Thursday, May 29, 2025

TETHERED NOMAD

 

In a couple of days, I turn 77…..how the hell did that happen!!

This journey of aging is very interesting.  It seems like yesterday that I was playing in the backyard of 237 North Broadway in Lebanon.  It was a neighborhood of kids my age that played together every day and had wonderful adventures of our own imagining.  I remember clearly the day in August 1957 when our family car was packed and ready to move to Florida.  I still remember looking out the back window of our Studebaker station wagon waving goodbye to those friends.  Never to see any of them again.

From there it was the wonderful adventure of moving to Florida, starting 4th grade at Pinellas Park Elementary, then 5th grade moving to Cross Bayou Elementary.  My closest neighbor was also named Sue Ellen, weird coincidence and making new friends through the Pinellas Park Presbyterian Church, some of whom to this day I still have a close friendship (Rik McNeill). 

Jr. high and high school was great fun and the whole ordeal of that first date that continued all the way through the beginning of my senior year still brings a grin to my face.  Also meeting my first really close friend, Nancy, with whom we were like sisters until her passing in April 2020.

I didn’t have plans to go to college or to get married, instead, on my own I returned to Ohio and began that independent life I always craved.  Five years in Cincinnati, then two in Fairbanks, AK and 10 months on Guam….I loved being an independent woman seeking out any adventure that came my way.
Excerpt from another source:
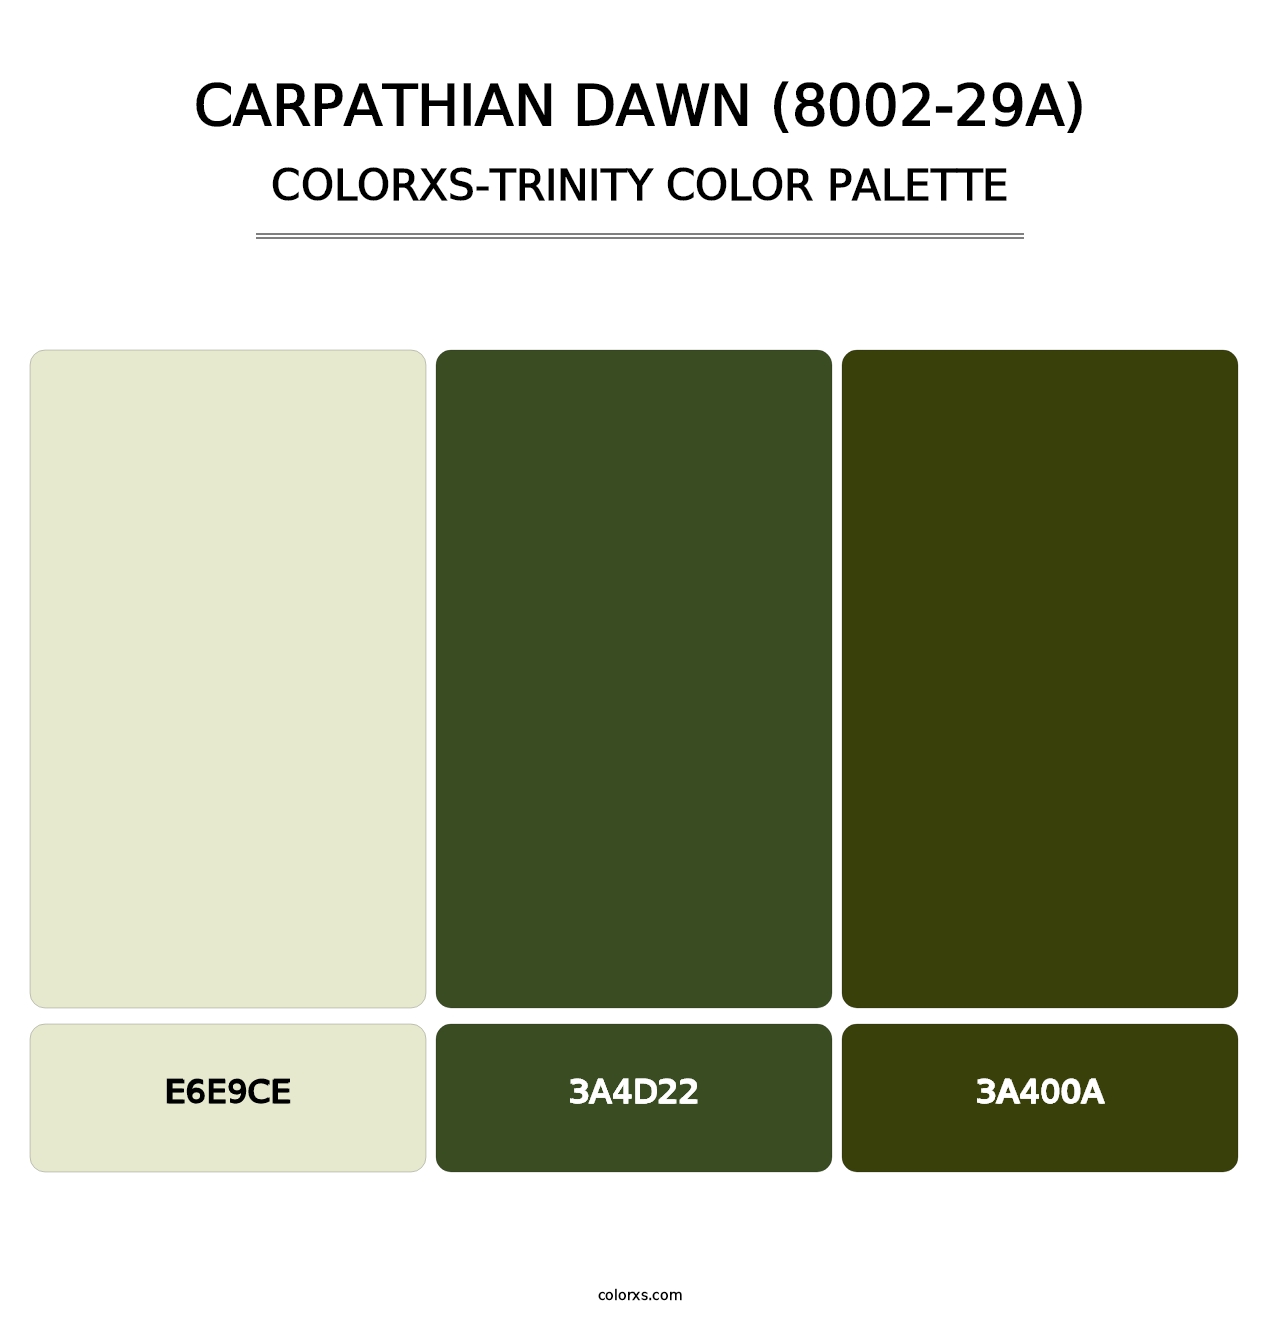 Carpathian Dawn (8002-29A) - Colorxs Trinity Palette
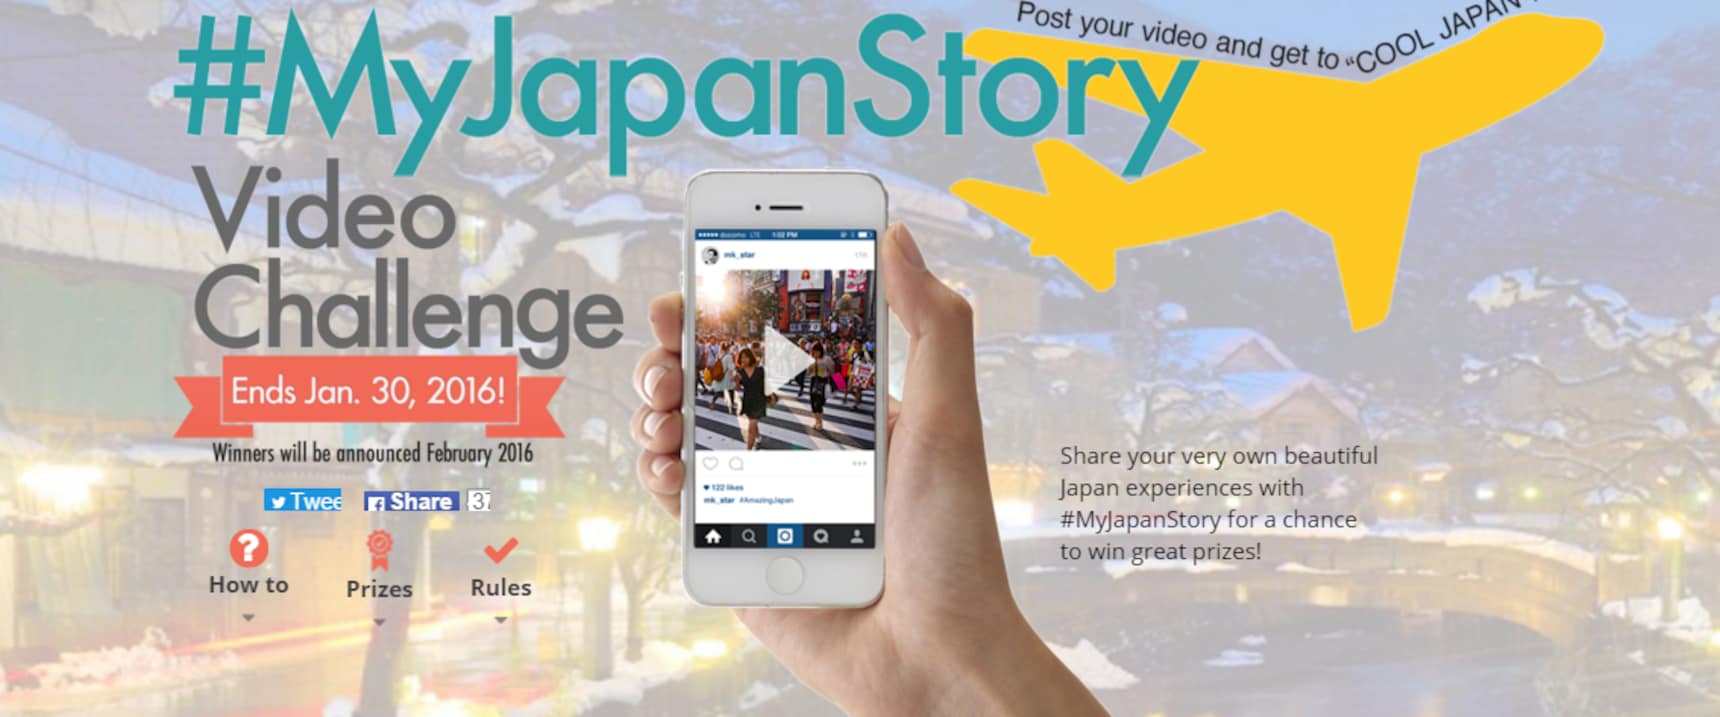 发送您的视频，重新游览日本！

Eventually I returned to Cincinnati, but always wandering one way or the other.  I think of myself as a Tethered Nomad. 

The wandering has taken me to all 50 states, and France, Scotland, Costa Rica, Mexico, and Canada. Since I lost my wandering buddy, Karen, to ALS in 2023, my wandering has definitely slowed down.  Also, aging is taking its toll slowly but surely.

However, this summer seems ripe for more travel.  2 trips to Florida for weddings, a week in Tennessee for our annual golf outing, 4 days in Bellingham, WA for a wonderful wedding celebration, and then hopefully in August to Bar Harbor, ME for a long over due visit with dear friends. 

So, looking at it as objectively as possible, I guess this aging thing isn’t so bad…..at least so far.  I’ll let you know how it goes!!!!

Saturday, May 10, 2025

Saddness

 

I’ve had something on my mind all week, that has really been bugging me and I just have to write about it to get it off my mind.

Here in Cincinnati last week, we had a very sad event take place that I just can’t shake.  Last Thursday the police chased 4 young black men in a stolen car.  The event ended when an 18-year-old was shot 6 times and killed. The next day a retired policeman was volunteering to direct traffic at the Univ of Cincinnati (UC) Commencement ceremony when he was deliberately hit and killed in the street.  The driver of the car was the father of the boy killed on Thursday.  The father had just viewed the police bodycam footage of the killing of his son, left the station distraught and happened upon the traffic management at UC.

Obviously, the father was detained and is now facing murder charges.  There are many more details, but here is what caught my attention.  First, there have been hours and hours of local media coverage regarding the retired police officer.  He was obviously highly regarded and the city has been flooded with support for him from all over the country.

There has been some coverage regarding the son and father, but not much.  I’ve researched a little and cannot find any reporting that neither the son nor the Dad had any prior record.  The father is facing multiple murder charges and either a life sentence or death sentence.

I totally get it.  What he did was completely wrong and must be punished.  What I don’t get is how no one, no where, any where has made any comment in any media about the effect of being told your son has been killed and then watch the same on video.

I’ve never been a biological parent.  But I do consider myself to be a person of compassion and empathy, and I cannot image, in any way, how it would affect me to learn that my child was killed and then watch as my child is shot to death.  What my emotional response would be, regardless of the situation.

I doubt that we’ll ever hear or see much regarding him, certainly not coverage like the police officer received.  But my heart goes out to him.  I grieve for him, his son and his entire family.